Contemplo la ira en los demás, como si de un espectáculo se tratara. Reciben el golpe y se hace el silencio, se aprecian un seguido de ideas que pasan por la cabeza de la víctima, se construye un ovillo de conversaciones imaginarias, actos de venganza e imágenes triunfantes. El cerebro se hace pequeño y la ira ocupa el espacio, es roja, se ve su color a través de los ojos se sus huéspedes. Aquí el individuo puede reaccionar de dos maneras, contenerse o pasar a la acción, la segunda opción resulta precipitada y errónea. Los actos no son meditados y no se contemplan las variantes ni las consecuencias. La venganza, la justicia, es un plato que se sirve frío y mientras te enfrías, tu cuerpo se consume, el sistema nervioso sufre y cada órgano de tu cuerpo se cansa. La ira no se puede mantener por mucho tiempo y se transforma de forma que pueda habitar al huésped sin matarlo, el rencor, el dolor, la frustración se llevan mucho mejor y procuran la supervivencia de la víctima.

He visto como alguien explotaba, convencido de tener razón, de actuar en su beneficio, convencido de conseguir un escarmiento para los que le molestan. Es difícil cuando no estas en una posición de poder o de indiferencia hacia cualquier posible consecuencia. Hasta para ser malo hay que ser listo. La ira requiere un esfuerzo mental mayor, un conocimiento mejor del entorno, una guerra es un asunto muy serio. Se empiezan miles de guerras a diario, situaciones que carecen de estrategia y soldados que no están preparados. Para ser malo no basta con jurar venganza.
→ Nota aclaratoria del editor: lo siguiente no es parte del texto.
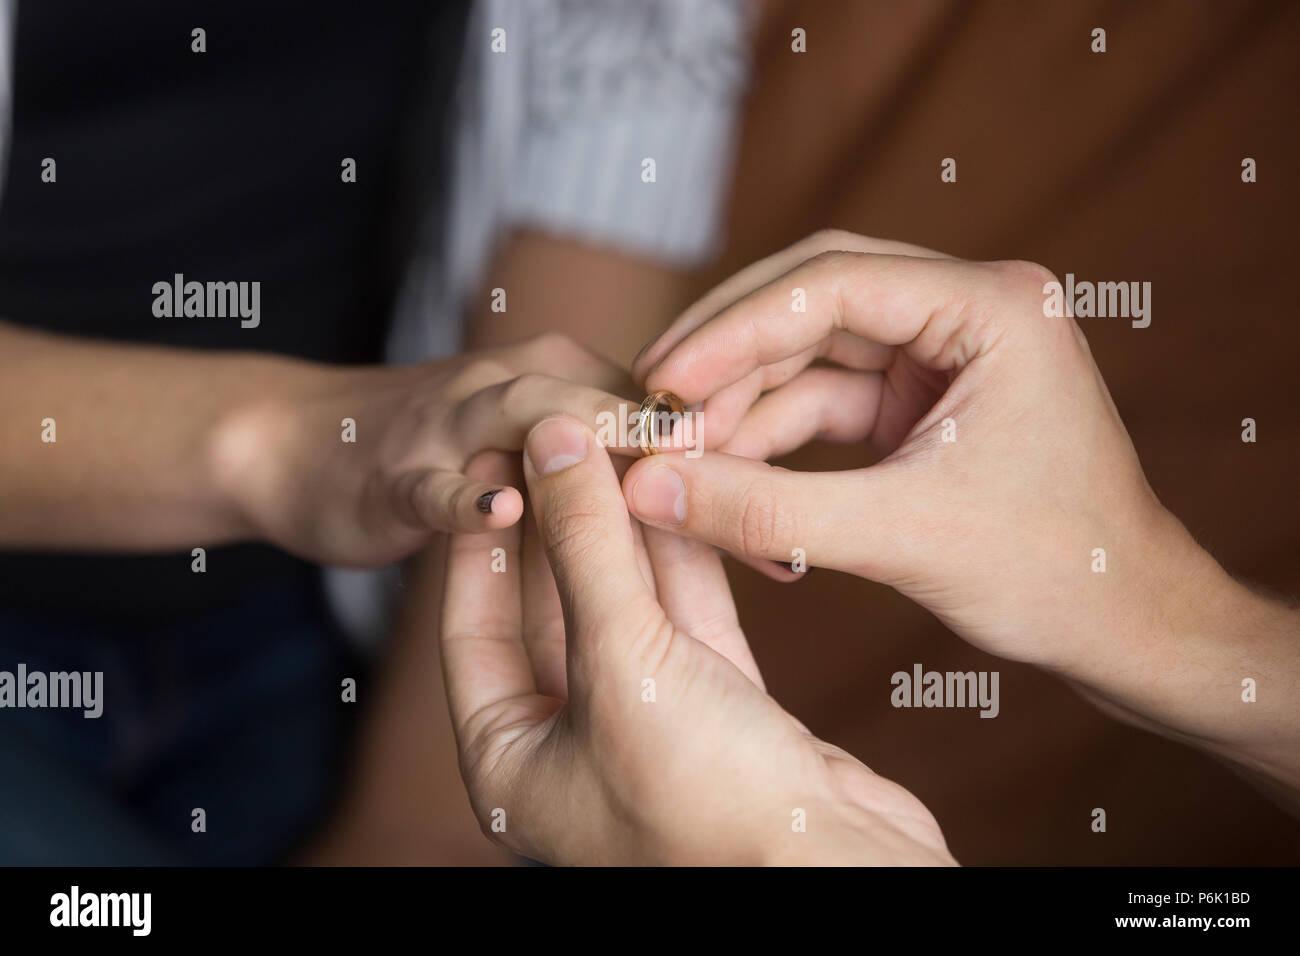 Close up uomo mettere l'anello nuziale sul dito di donna Immagini Stock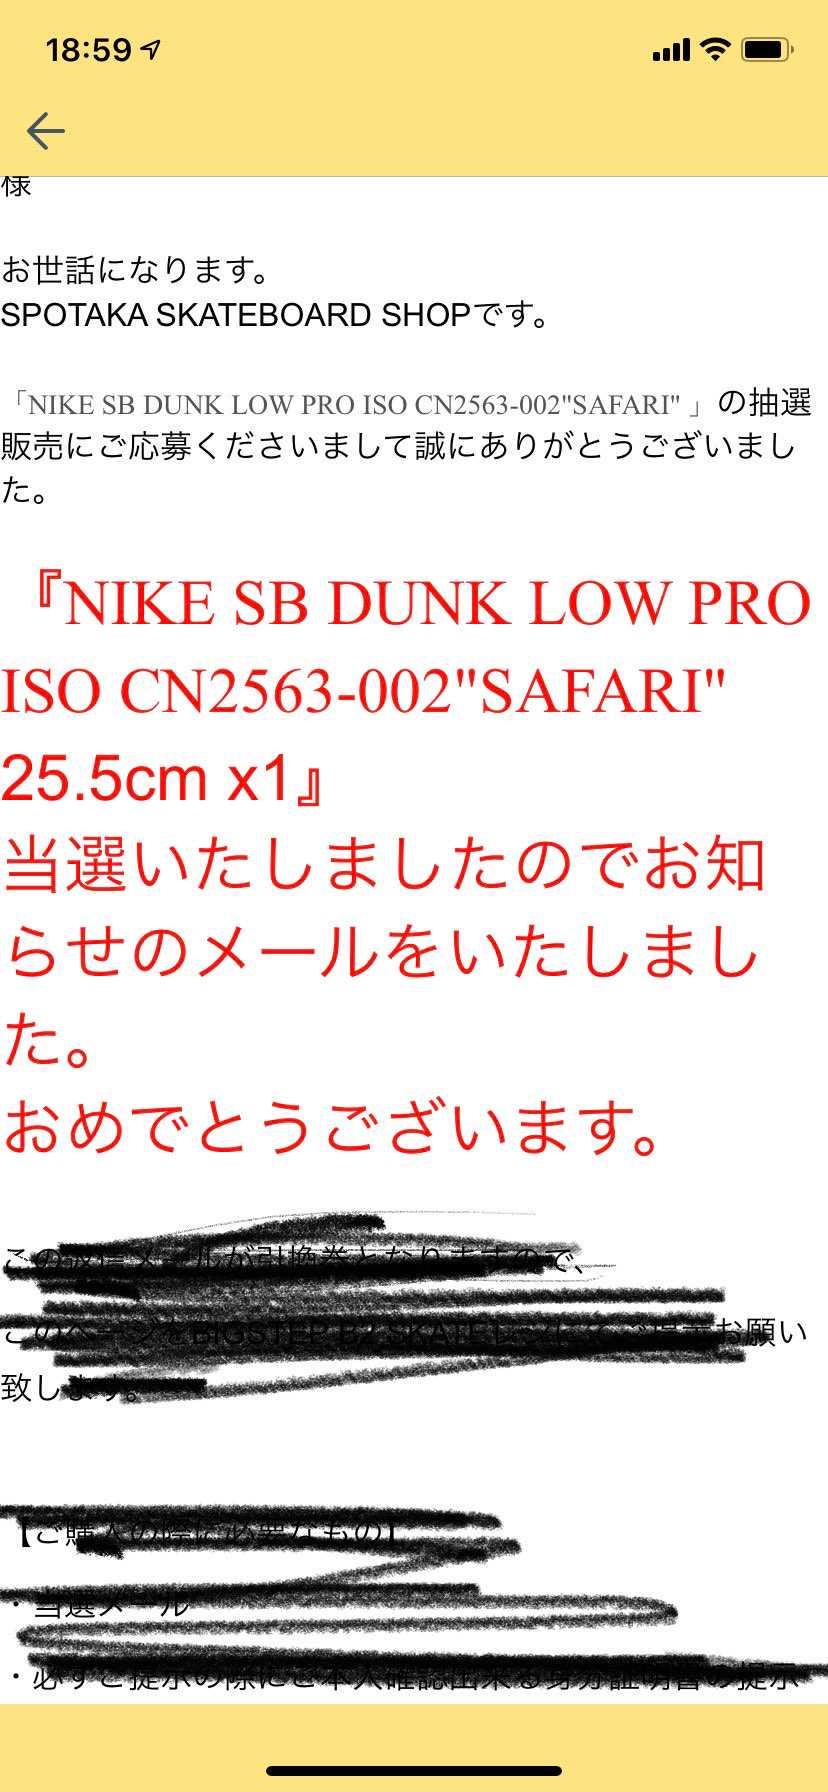 キター スポタカキター!! うし!#NIKE SB DUNK

La ira te da un poder del que mucha gente carece, si no hay base, solo se producirá un reajuste del karma que disfrutaran los demás. He visto como el karma sobrevolaba la estancia, preparado para iluminar el momento preciso.


He sabido más por diablo que por viejo, y después de mucho consumirme afirmo que la vida hace su trabajo sin necesidad de intervención. Sentarse a contemplar la película es más divertido y relajado que actuar en ella.